☁️11: Di Balik Ketidaktahuan☁️

138 32 4
                                    

And I know that it's wrong
That I can't move on
But there's something about you

Everything comes back to you

- From a song: This Town -

Di Balik: Bintang⭐

Ini hari yang panas. Kumpul di kost bukan ide bagus mengingat aku nggak pasang AC di sana. Mau mengandalkan satu kipas lantaiku juga mana ada efeknya. Aku yakin kami bertiga malah akan berantem berebut menguasai kipas kecil yang sudah nggak bisa menengok ke kanan dan ke kiri itu. Sebagai opsi kedua, aku, Andari dan Anfal akhirnya cari kursi di pujasera. Meskipun tempat ini semi outdoor tapi ada beberapa kipas blower yang lumayan membantu mengurangi gerah.

“Nongkrong dimari tuh bonusnya cuci mata,” Andari mesem-mesem, bola matanya aktif berlarian mengabsen cowok-cowok yang lewat, “Kenapa yaa cowok kampus sebelah seger-seger banget? Nggak kayak cowok di kampus sendiri,” memindai Anfal perlahan-lahan membuat raut cewek itu berubah bete, “Sepet mukanya!”

Aku sampai tersedak gara-gara komentar yang agak keterlaluan jujur itu. Buru-buru kujauhkan kakiku dari pijakan di bawah meja saat Anfal mulai bergerak membabi buta mencari sasaran balas dendamnya, sepatu Andari.

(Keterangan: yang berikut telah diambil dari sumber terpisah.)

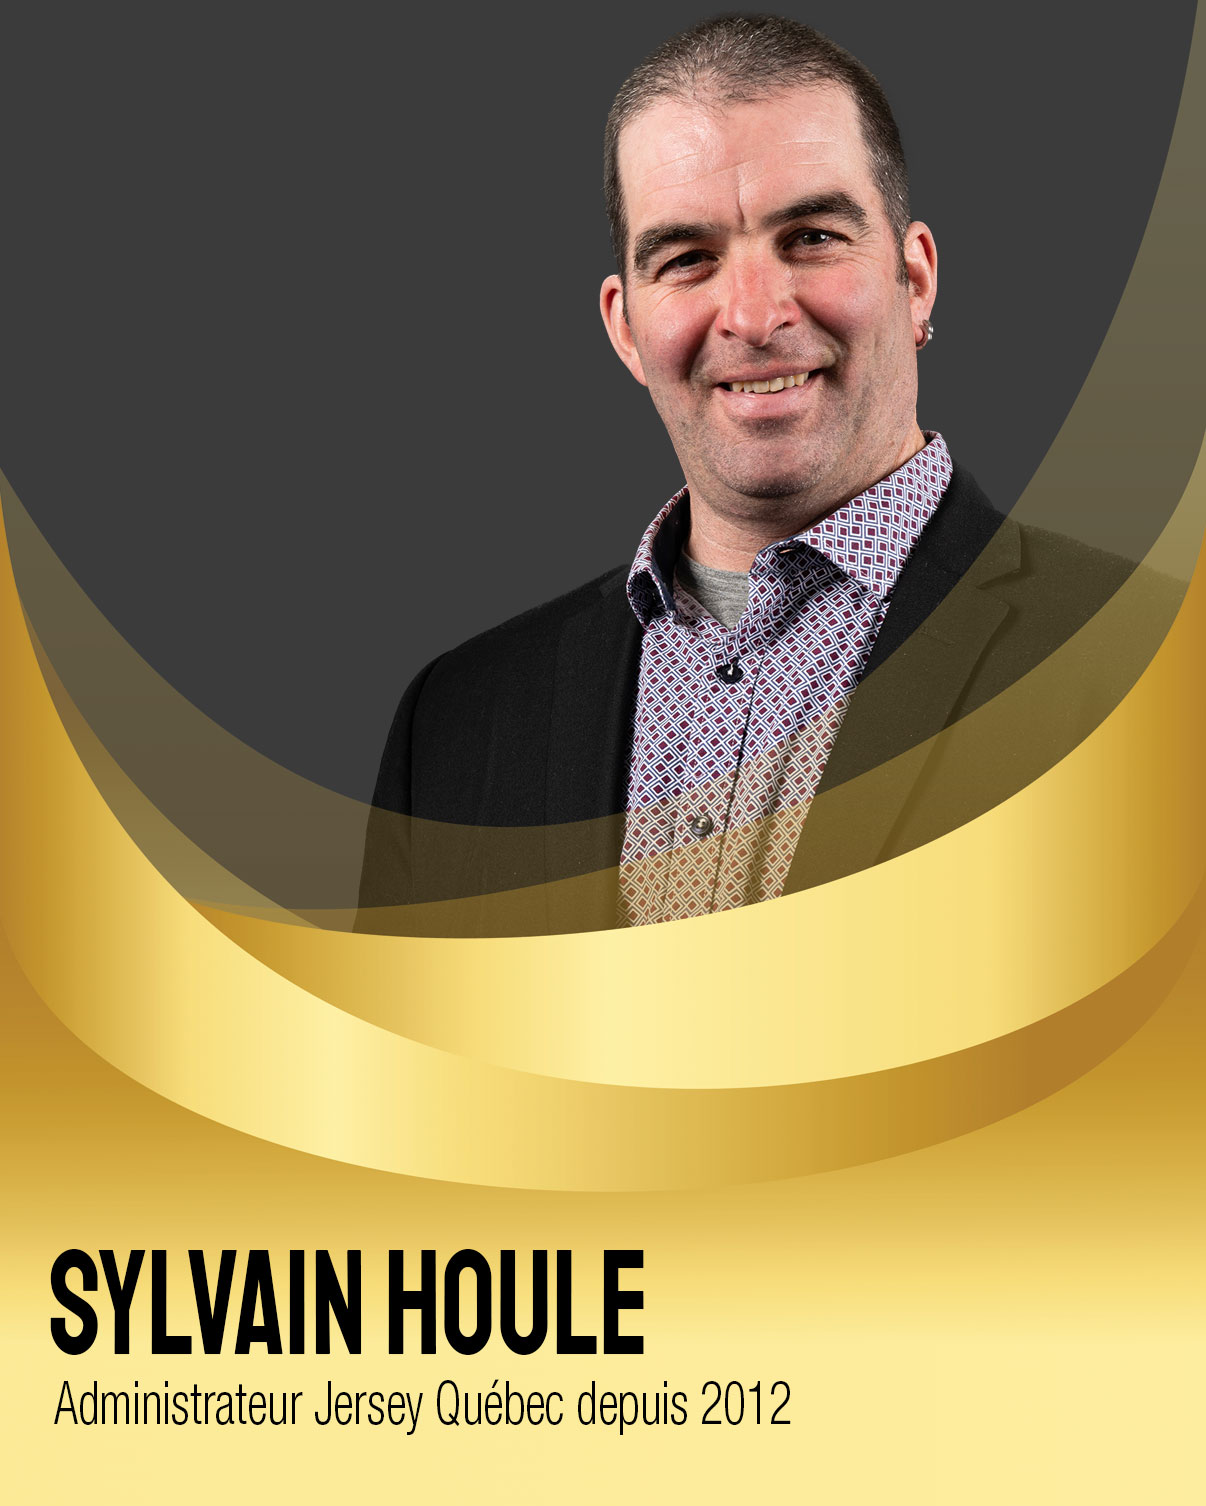 Sylvain Houle

“Nanti kalo excell lo nggak balance, gausah ya pake nangis-nangis ke gue!” ancam Anfal yang otomatis bikin Andari ciut.

“Becanda ya, Babe...” rayunya sambil kedip-kedip bulu mata, “Kamu tetap yang terganteng—diantara kita bertiga.” Tapi pujian setengah hati itu ternyata masih nggak mempan buat bikin Anfal berhenti ngambek.

Sebelum Andari menodongku minta dibantu membujuk Anfal, aku melarikan diri ke stan abang batagor. Sengaja memilih stan yang antreannya paling panjang supaya waktu kembali ke meja nanti perang saudaranya sudah mereda dan aku bisa makan dengan tentram. Padahal rencananya aku cuma bakal jajan es disini, tapi sehabis puas menonton tingkah konyol kedua sahabatku, tahu-tahu aku jadi lapar.

Sepiring batagor dengan siraman saus kacang, kecap dan sesendok sambal sampai di tanganku sekitar 15 menit kemudian. Aku sempat melipir ke tempat sampah untuk membuang acar mentimun dari piringku karena aku memang tidak suka. Padahal seingatku, aku sudah request nggak usah acar ke Abang Batagornya. Pasti nggak ngeh berhubung memang lagi banyak pembeli.

“Bintang!”

Saat menoleh, aku mendapati Awan berjalan menyela beberapa orang. Awan tampak cukup rapi memakai setelan kemeja warna silver yang dipadukannya dengan celana bahan meski ia belum mau memasang almamater dan malah menenteng-nenteng identitas kampus tersebut di tangan. Mungkin agar penampilannya tidak terkesan terlalu formal untuk mampir ke sebuah tempat makan.

“Lagi cari makan siang?”

Aku mendesah. Dengan atau tanpa sepeda gunung keren miliknya, Awan selalu berhasil menyusulku. Tapi masa aku harus sembunyi sepanjang hari di dalam kamar kostku kalau tidak ingin bertemu cowok ini?

“Udah dapet nih.” Pertanyaannya sekedar kujawab singkat sembari mengangkat piring.

Awan ber-oh ria. Cepat-cepat ia mengklaim tempat kosong di dekat kami dengan meletakkan almamater dan kunci motornya keatas meja. Untuk beberapa saat, Awan hanya berdiri sambil menggerayangi leher. Aku tahu ia mau bilang sesuatu, tapi sepertinya sikapku yang tidak begitu ramah sedikit membuat cowok itu ragu. “Mau makan bareng?”